Accueil > Hiver 2022 - 2023 / N°67
Les robots arrivent (aussi) dans les classes
Au collège Gérard Philipe de Fontaine, les élèves ont dû accueillir un petit nouveau : un « élève-robot ». Cela fait partie des progrès de « l’école numérique inclusive » selon le rectorat, qui permet de travailler à la généralisation de l’enseignement « ensemble à distance et en interaction ».

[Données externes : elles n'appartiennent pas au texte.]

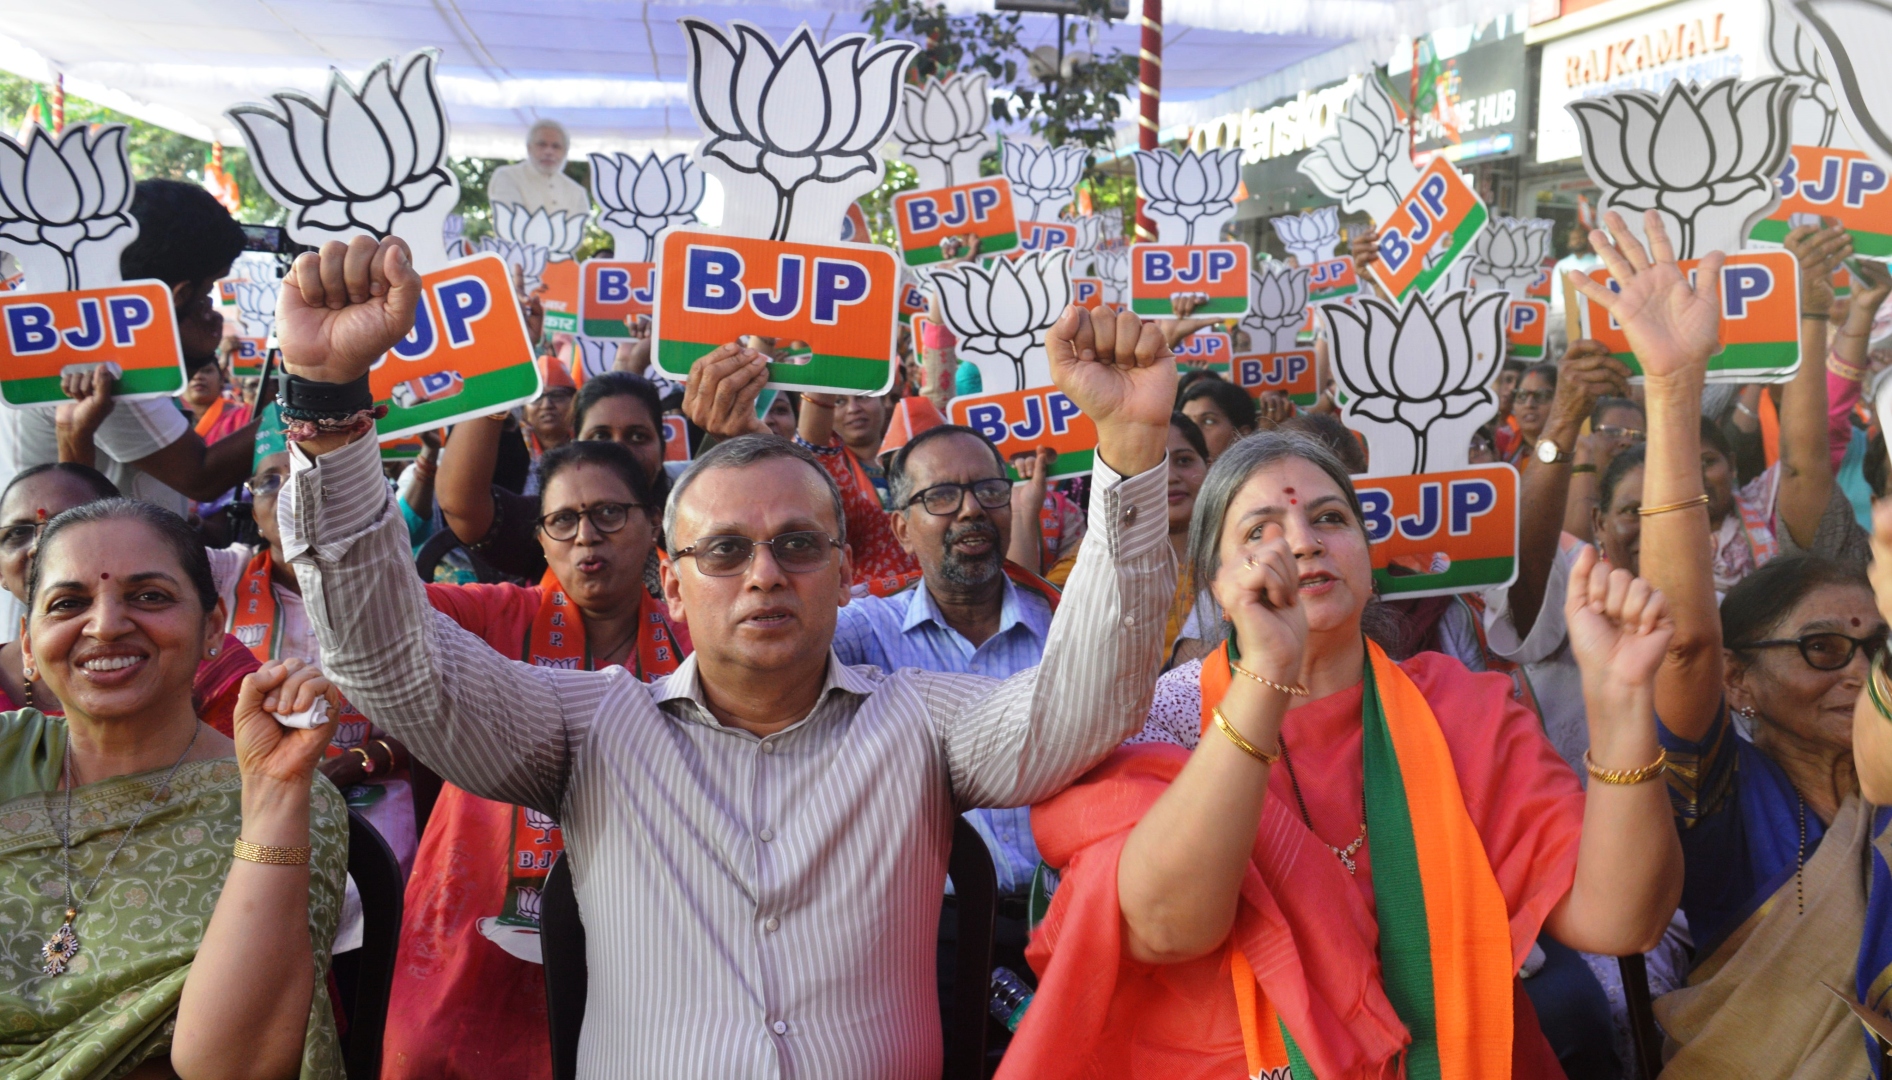 BJP pins hopes on ‘Operation Lotus’ in Salcete

Comme toujours dans ce genre d’intrusion orwellienne, la cause est noble : permettre à des élèves, ne pouvant pas se rendre au collège pour des problèmes de santé de longue durée, de « maintenir un lien pédagogique avec les enseignants et des liens sociaux avec leurs camarades » grâce à « des robots pilotés à distance qui leur permettent d’être virtuellement présents ». Concrètement, une tablette montée sur un petit pied (pas haut, car le tout est posé sur une table) est censée permettre à l’élève « télé-présente » du collège Gérard Philipe de « s’intégrer » à la vie du collège et « d’interagir » avec ses camarades. Sa tête apparaît sur l’écran et elle peut même lever la main pour demander la parole. Le document distribué aux parents d’élèves de la classe concernée annonce triomphalement : « Votre enfant va ainsi participer à une expérience novatrice d’inclusion scolaire. »

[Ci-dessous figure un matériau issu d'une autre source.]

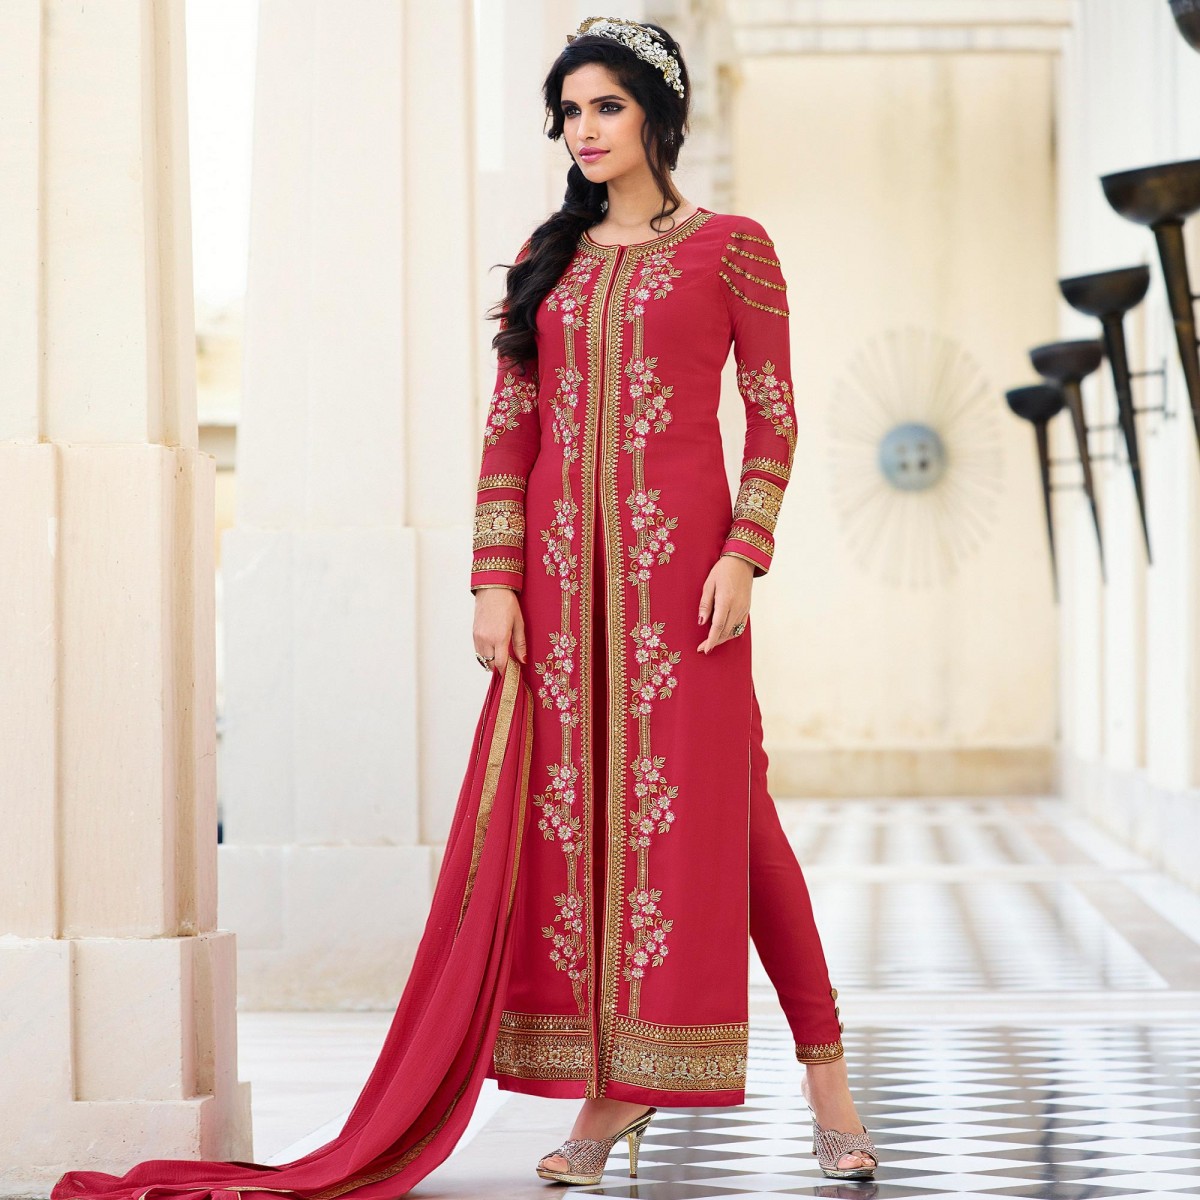 The model is wearing Red High Neck Churidar Suit.

Le problème c’est que cette « expérience » n’est pas de tout repos pour les élèves et les profs. Le rectorat annonce que « l’élève absent pourra déplacer le robot à distance dans l’établissement » et « qu’il sera ainsi un élève comme les autres, autonome dans ses déplacements ». Dans la réalité, si le robot peut « tourner » la « tête », il ne peut pas marcher… Alors il faut se trimballer le robot entre les classes, avec quelques charmants questionnements : qui s’en charge ? L’élève délégué ? L’AESH ? Le surveillant ? À qui incombe la responsabilité de cette machine très fragile ? On vous passe les différents problèmes techniques à gérer pour les profs, et la connexion qui ne fonctionne pas toujours.

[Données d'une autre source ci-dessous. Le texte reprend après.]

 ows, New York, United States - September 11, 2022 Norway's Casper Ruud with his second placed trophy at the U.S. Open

En dehors de ces dysfonctionnements, de grandes questions éthiques se posent : quid du droit à l’image des profs ? Et si les parents de l’élève « télé-présente » écoutent et enregistrent tout ce qui se dit en classe ? Peuvent-ils se servir de ces enregistrements pour remettre en cause certains enseignements ? Bref, cette « expérience novatrice » ne semble recueillir aucun commentaire positif en salle des profs. Sur le site du rectorat on apprend que ce « système de télé-présence robotisée » se fait dans le « cadre du programme Ted-i (Travailler ensemble à distance et en interaction) ». Comme d’habitude pour ce genre d’innovation, le prétexte médical permet d’introduire une nouvelle technologie qui pourra être ensuite étendue (comme les visios avec le Covid), notamment à cause du lobbying des entreprises vendant ces inepties. En l’occurrence, celle concevant les élèves robots s’appelle Awabot et vend de la « robotique à visage humain ». Encore un bel oxymore.